I think a good way to think about this, without worrying about efficiency, is to cast this into a graph, where each day is a node in the graph.
If we have an industrious trader willing to visit the market as often as possible, it looks like Figure 1 below, where I've taken the first few days of your example. Arcs are drawn from every day to every later day in the graph, and the arcs are weighted as follows:
- Consecutive days must have an arc-- either weighted with the profit of buying and then selling on the next day, or (if such an activity would be a loss) weighted zero
- Non-consecutive days only need an arc if the profit is positive. (Although you could draw in the zero-weight arcs for non-profitable pairs, I have suppressed them below so that the graph is readable.)
This graph takes O(N^2) comparison/subtractions to create. Once you have this graph, finding the best plan for the farmer is equivalent to finding the longest path (e.g., the path from the first day to the last day with the largest sum of arc values) through the graph. Usually, finding the longest path through the graph is NP-Complete, but in this case, we have a directed acyclic graph-- you can simply negate all the edge weights and find the shortest path with Dijkstra's algorithm in polynomial time.

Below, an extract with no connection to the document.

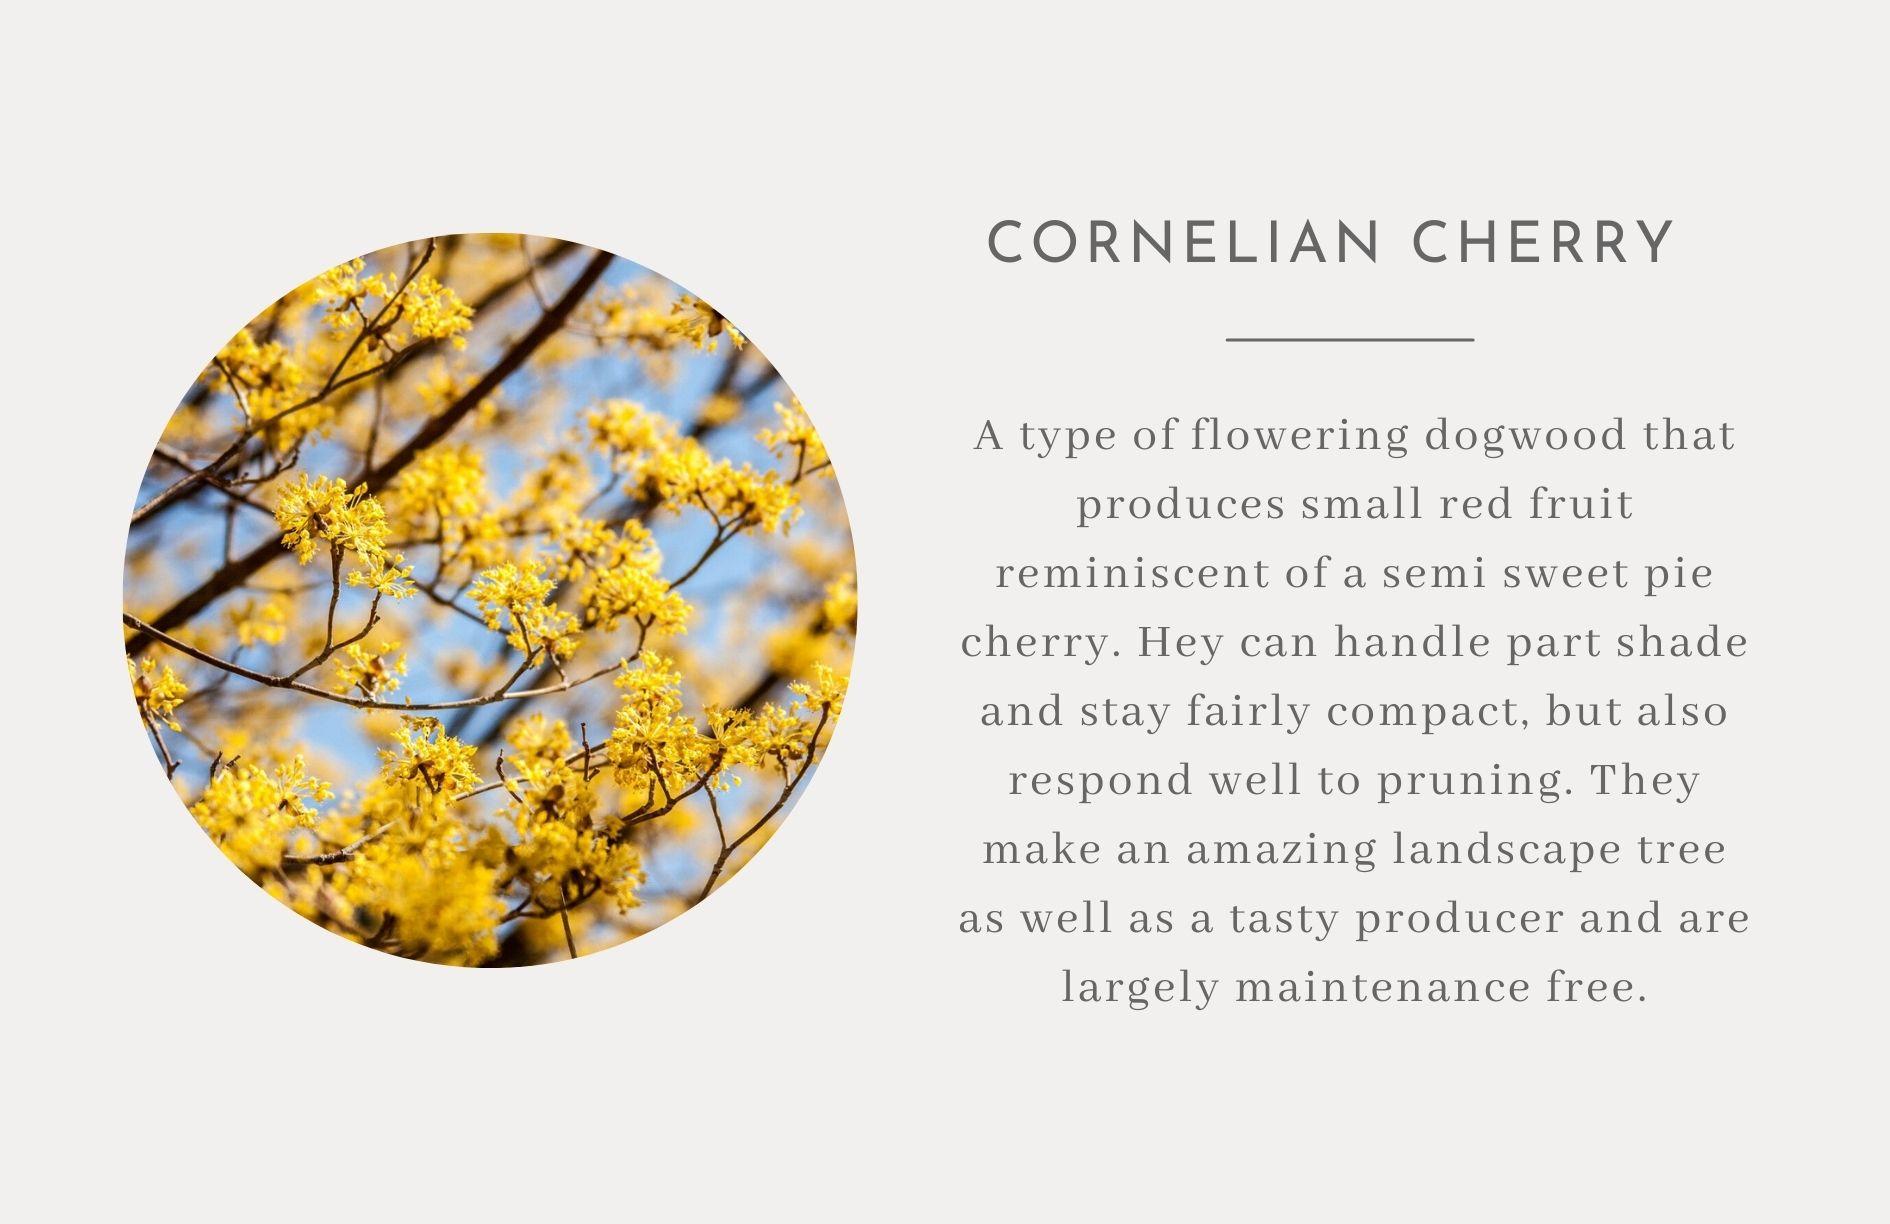 Cornelian Cherry - Edible landscape ideas

To deal with a lazy farmer, you need to adapt this graph structure in such a way that it "counts" the non-zero arcs. We do this by making the graph bigger. A lot bigger. If the farmer is willing to make k trips to the market, he has floor(k/2) buy/sell pairs. Let's call that number X, and draw the nodes of our graph each X+1 times.
Each consecutive arc in the same row (regardless of profit for that day) has a weight of 0. The arcs of positive length are redirected to the row below. Figure 2 shows what this looks like if the farmer is willing to make 4 trips to the market, for 2 total buy/sell opportunities. You also add a dummy "terminal node" that you can get to from the end of each row, at no cost.
You can see that this "counts" the profit arcs by ensuring that each opportunity to profit moves from row to row, and there is never an opportunity to use the same row more than once. So again, you can find the longest path to find the right answer; and again the graph is directed acyclic so this can be converted to a shortest path problem and solved in polynomial time.
The bad news is, the node and arc count have gone up considerably. Instead of N nodes, you have potentially O(N^2) if k=N. Likewise, instead of O(N^2) arcs, you have O(N^3).
You may be able to do a better in both time and space by casting the problem as a grid, similar to the longest common subsequence problem, but this at least illustrates the structure of the problem.